March 24, 2009

Vatican Information Service Bulletin

The following, in it's entirety, is a copyrighted transcript of the Vatican Information Service.

SUMMARY:


POPE IMPRESSED BY SENSE OF THE SACRED IN AFRICA

VATICAN CITY, 24 MAR 2009 (VIS) - During his return to Rome, following his apostolic visit to Cameroon and Angola, Benedict XVI again made remarks to journalists accompanying him on the flight.

   The Holy Father said that during the course of his visit he had been particularly impressed by "this almost exuberant cordiality, this delight, of a rejoicing Africa. I felt they saw in the Pope ... the personification of the fact that we are the children and the family of God. This family exists and we, with all our limitations, are part of it, and God is with us. ... I was also moved by the spirit of meditative absorption in liturgy, the powerful sense of the sacred; in the liturgies there was no self-presentation of groups, no self-animation, but the presence of the sacred, of God Himself; even the movements were always movements of respect and awareness of the divine presence".

   He went on: "I was also profoundly affected by the death of two girls during the stampede of people entering the Stadio dos Coqueiros, on Saturday. I prayed, and continue to pray, for them. ... All of us pray and hope that in the future things may be organised in such a way that this does not happen again".

   "I conserve a special memory", the Holy Father continued, "of the Cardinal Leger Centre.
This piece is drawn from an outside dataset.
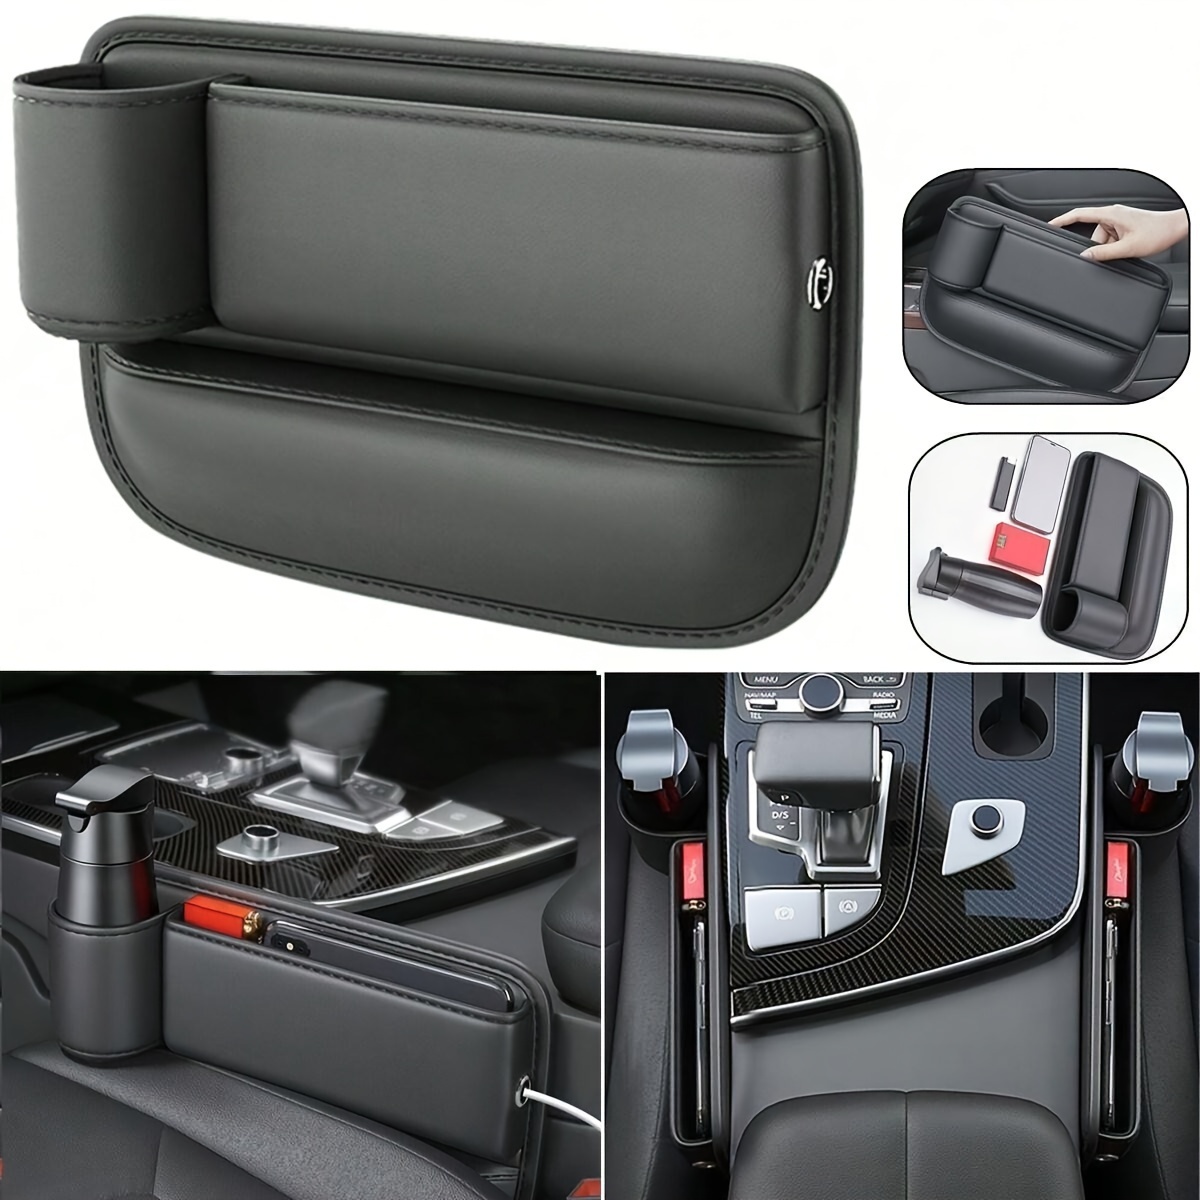 

1 Count Multifunction Car Seat Gap Storage Bag For Car Seat Gap Filler With Phone Cup Holder Pu Leather Car Seat Slot Organizer Box Leak-proof Storage Bags For Phones Glasses Keys Cards
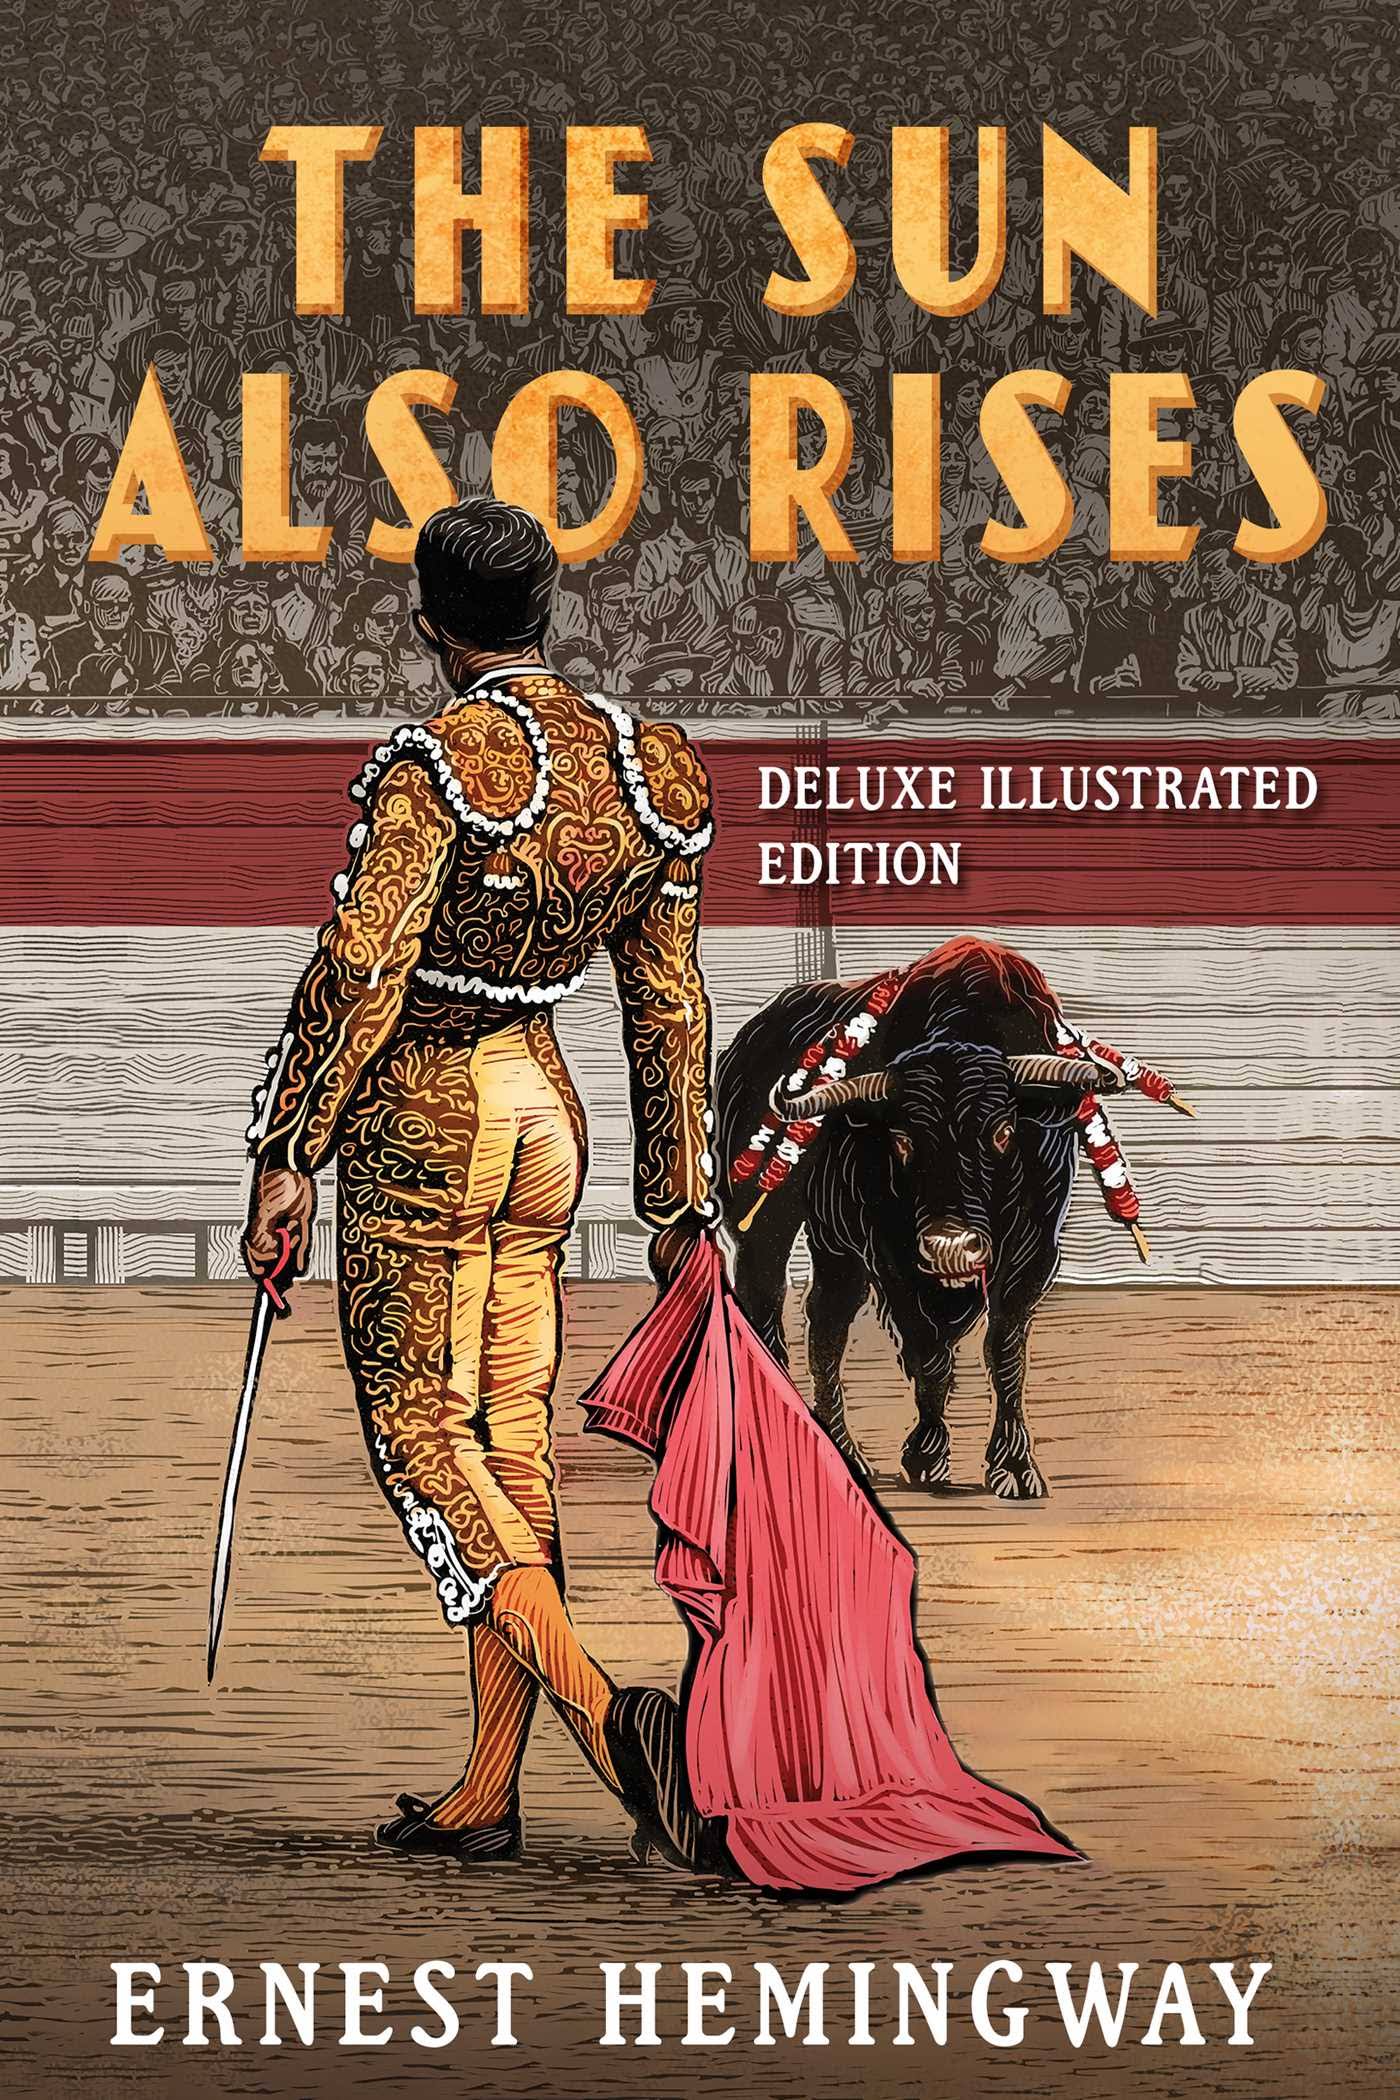 The Sun Also Rises: Deluxe Illustrated Edition [Book]

It touched my heart to see a world of so much suffering, all the suffering, sadness and poverty of human existence; but also to see how State and Church work together to help those who suffer. ... It is, I believe, evident that by helping the suffering man becomes more human, the world becomes more human".

   Finally Benedict XVI mentioned the publication of the "Instrumentum laboris" for the forthcoming Synod for Africa. "On the afternoon of St. Joseph's Day", he said, "I met with members of the Special Council for Africa, twelve bishops who spoke to me of the situation in their local Churches, their proposals, their expectations. Thus there emerged a detailed picture of the situation of the Church in Africa, how she moves, how she suffers, what she does, what are her hopes, her problems. There is much I could say, for example the Church in South Africa, which has gone through a difficult but substantially successful experience of reconciliation, now uses her experiences in an attempt at reconciliation in Burundi, and she seeks to do something similar, though facing enormous difficulties, in Zimbabwe".